## INFORMATION SHOWN
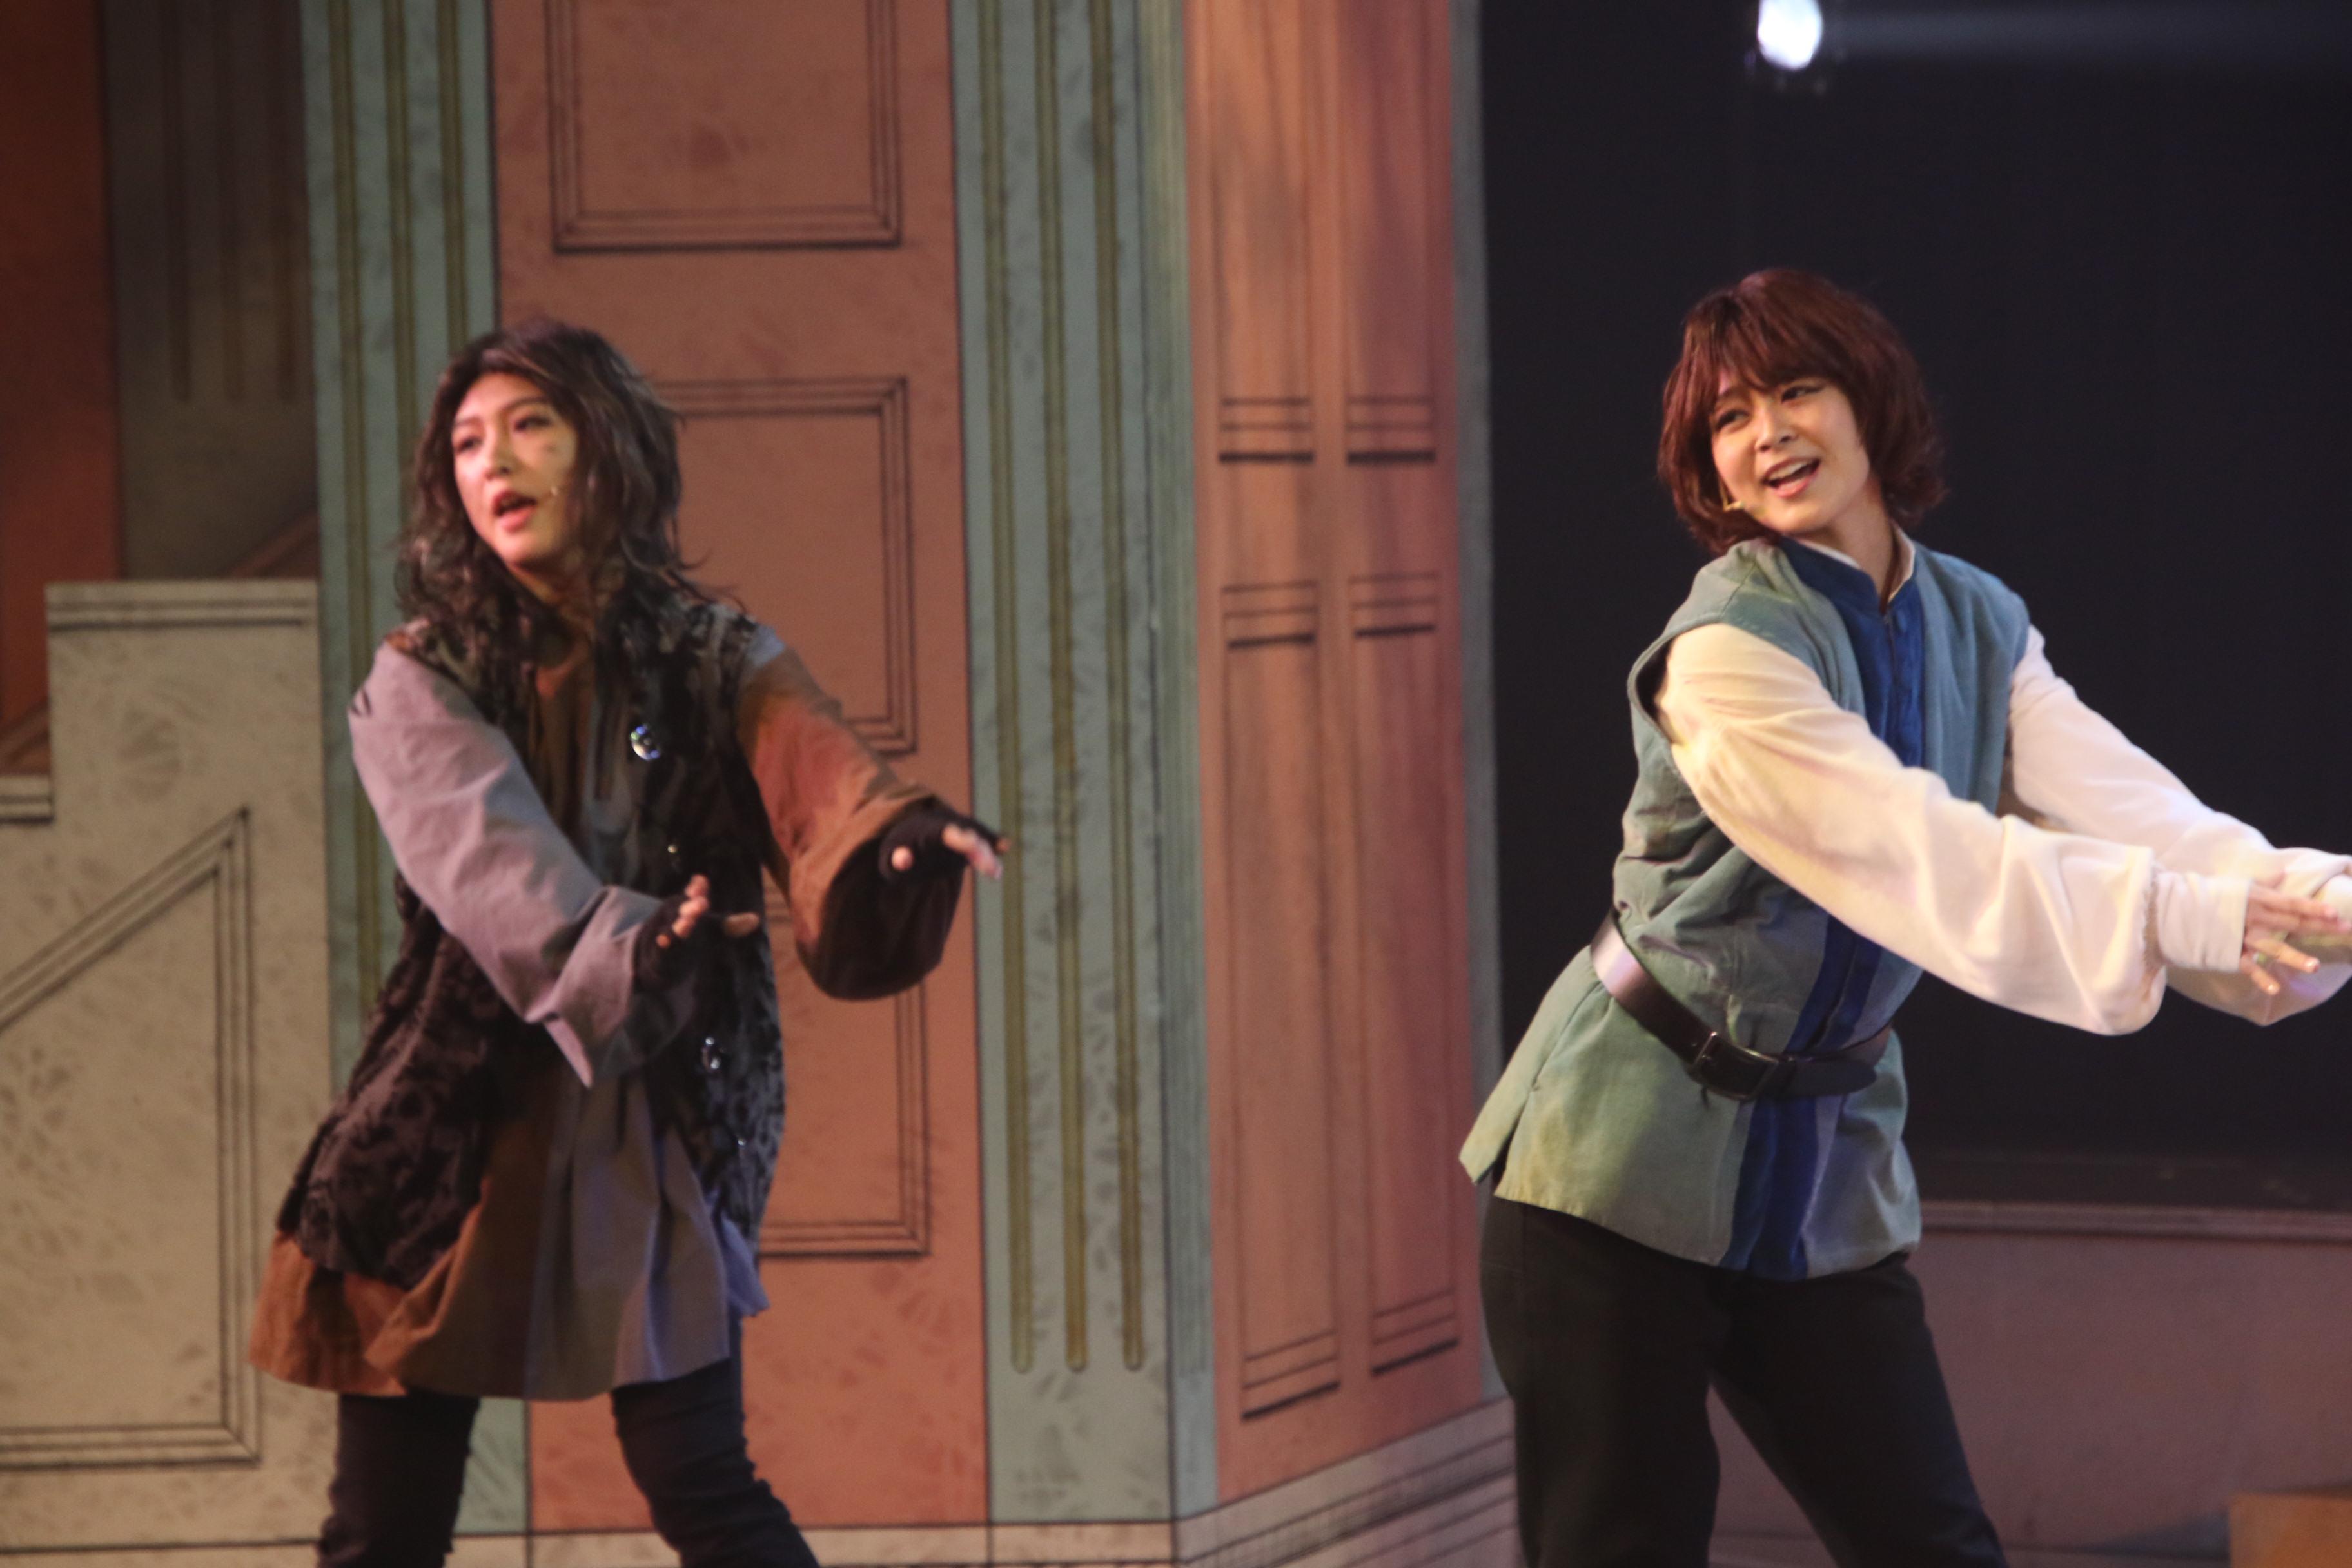 舞台の最後ではAKB48の楽曲を披露。舞台の衣装とメイクでアイドルに戻る太田奈緒(右)と山田菜々美(左)
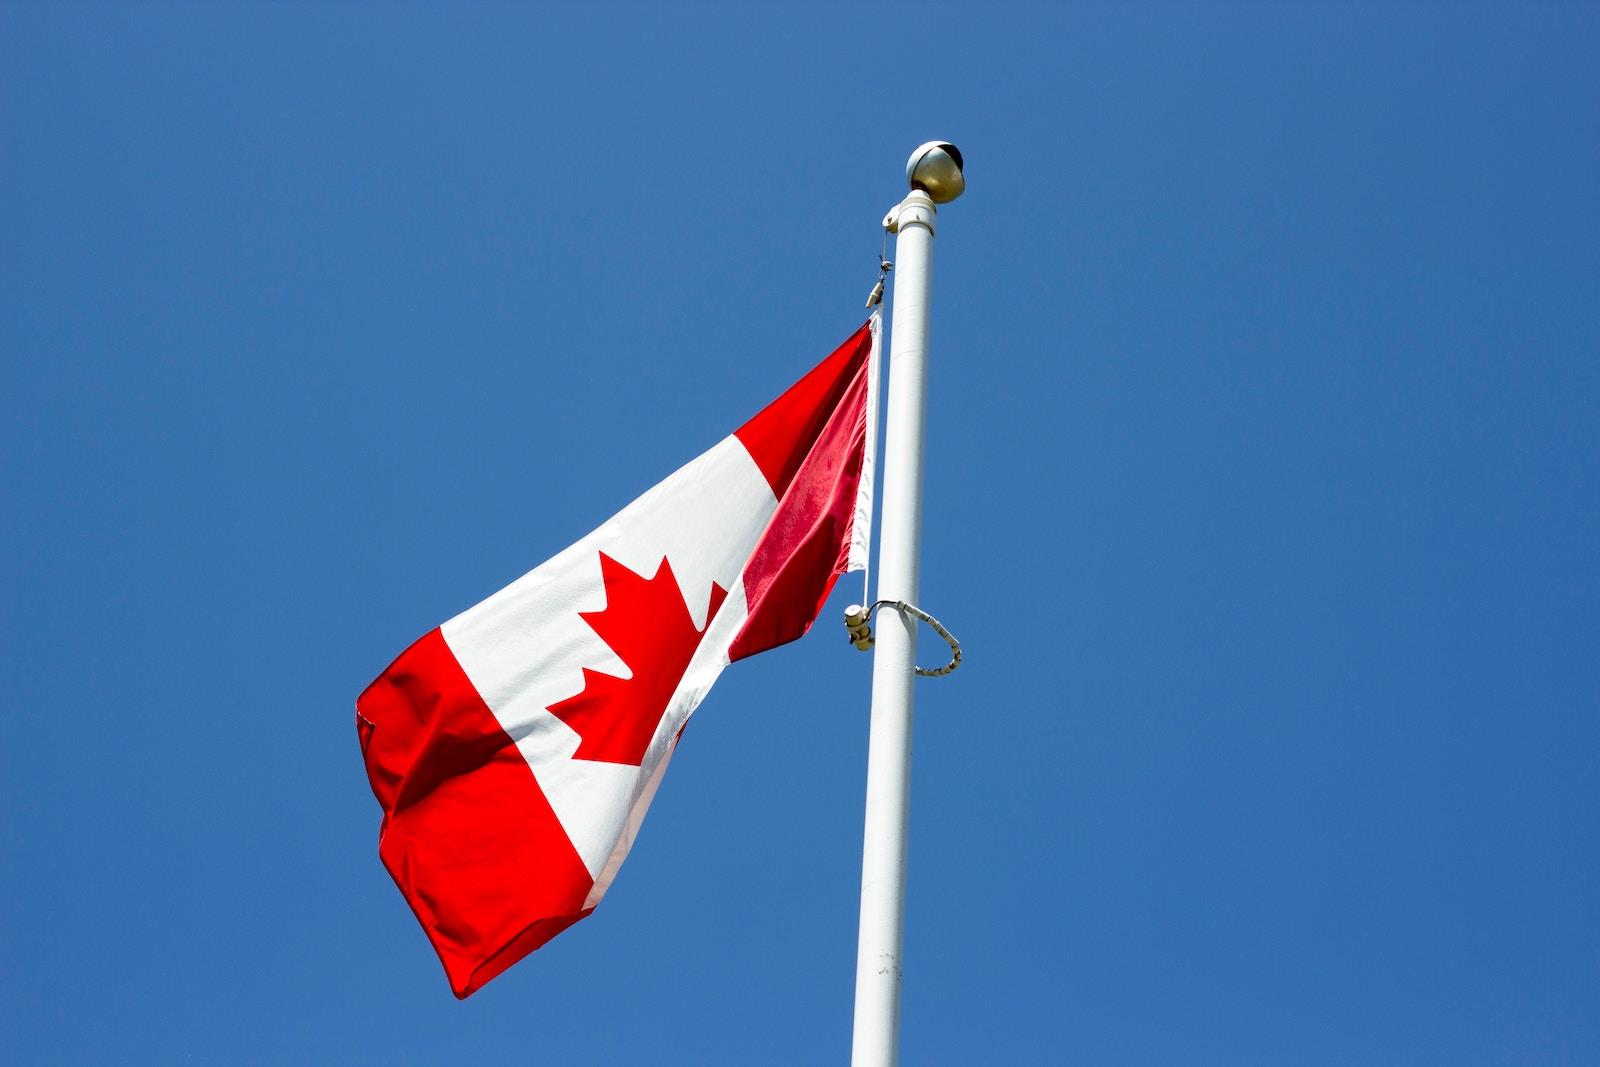 MAU vidnovyť prjame aviaspolučennja z Kanadoju
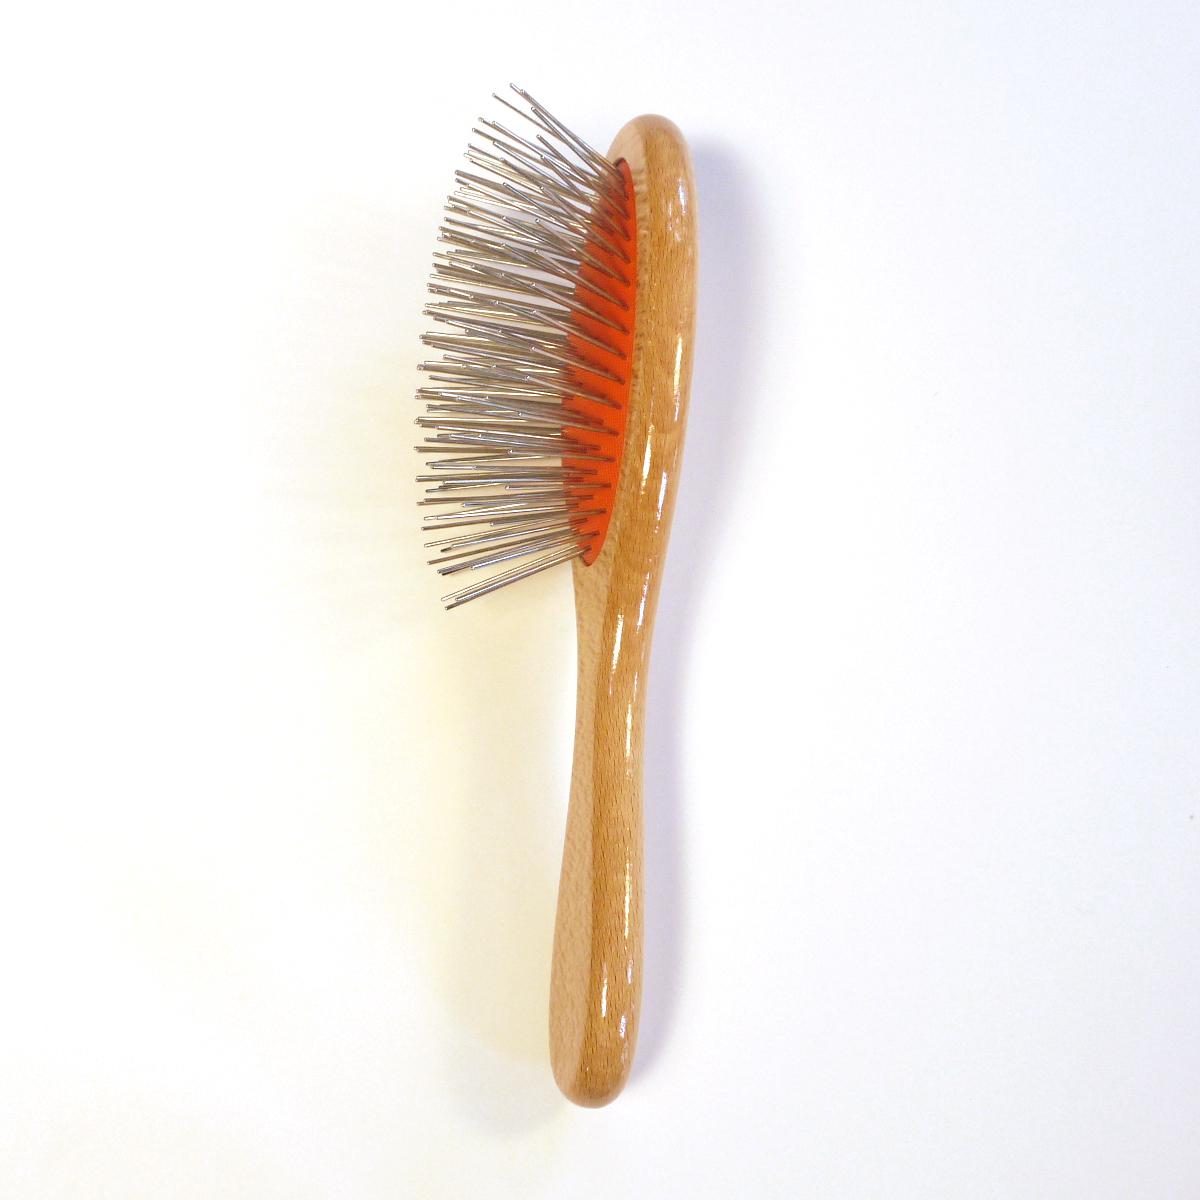 Medium sized Long Pin Finish Brush
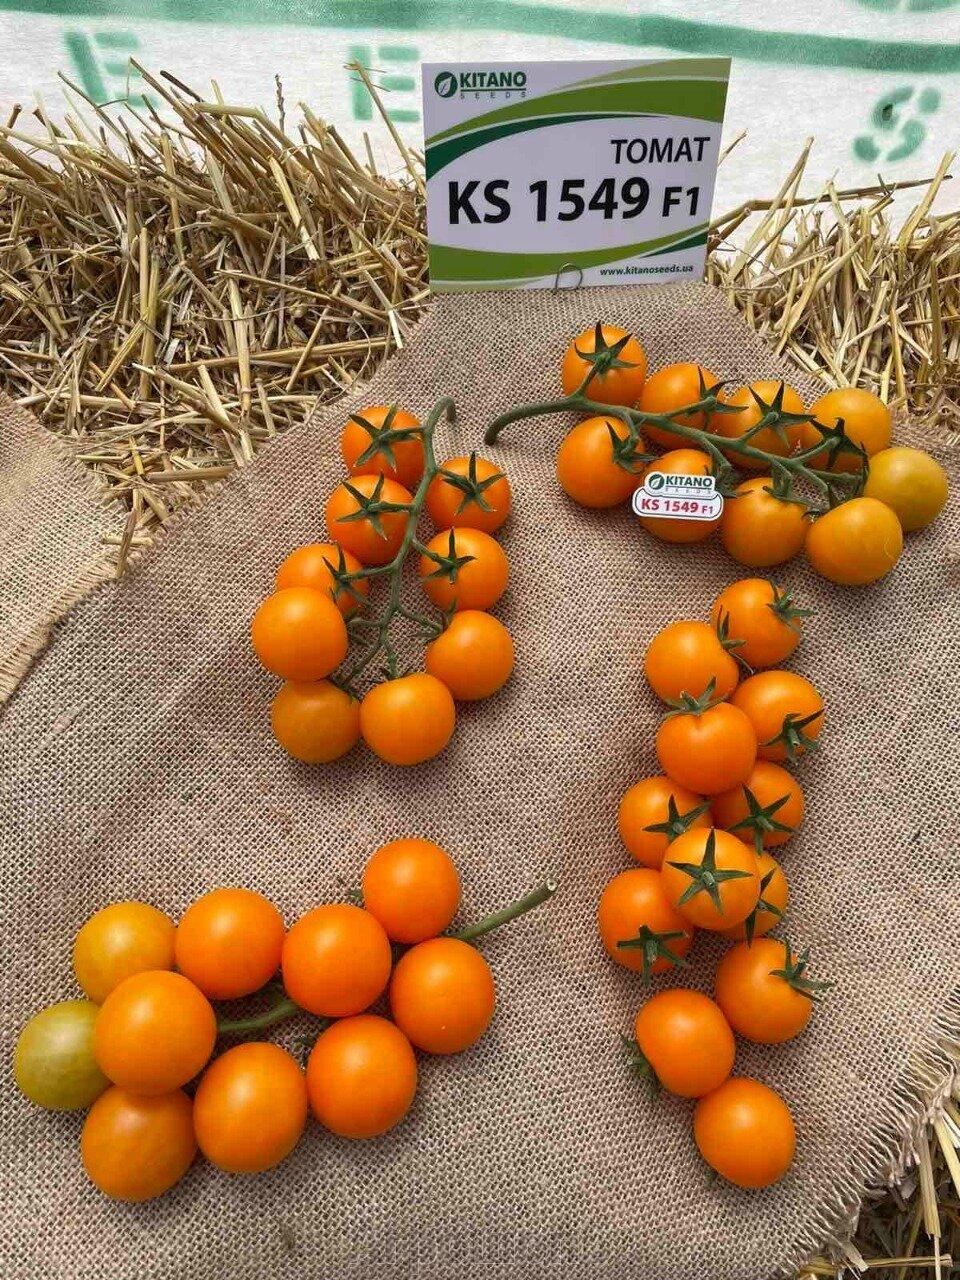 День поля по томатам от компании Kitano - фото pic_79eab6f71ecb1cb297c768be185629da_1920x9000_1.jpg

## PROBLEM REQUIREMENTS
What is needed is an exact reproduction of the data, pictures excluded.

## YOUR RESPONSE
 舞台の最後ではAKB48の楽曲を披露。舞台の衣装とメイクでアイドルに戻る太田奈緒(右)と山田菜々美(左)
 MAU vidnovyť prjame aviaspolučennja z Kanadoju
 Medium sized Long Pin Finish Brush
 День поля по томатам от компании Kitano - фото pic_79eab6f71ecb1cb297c768be185629da_1920x9000_1.jpg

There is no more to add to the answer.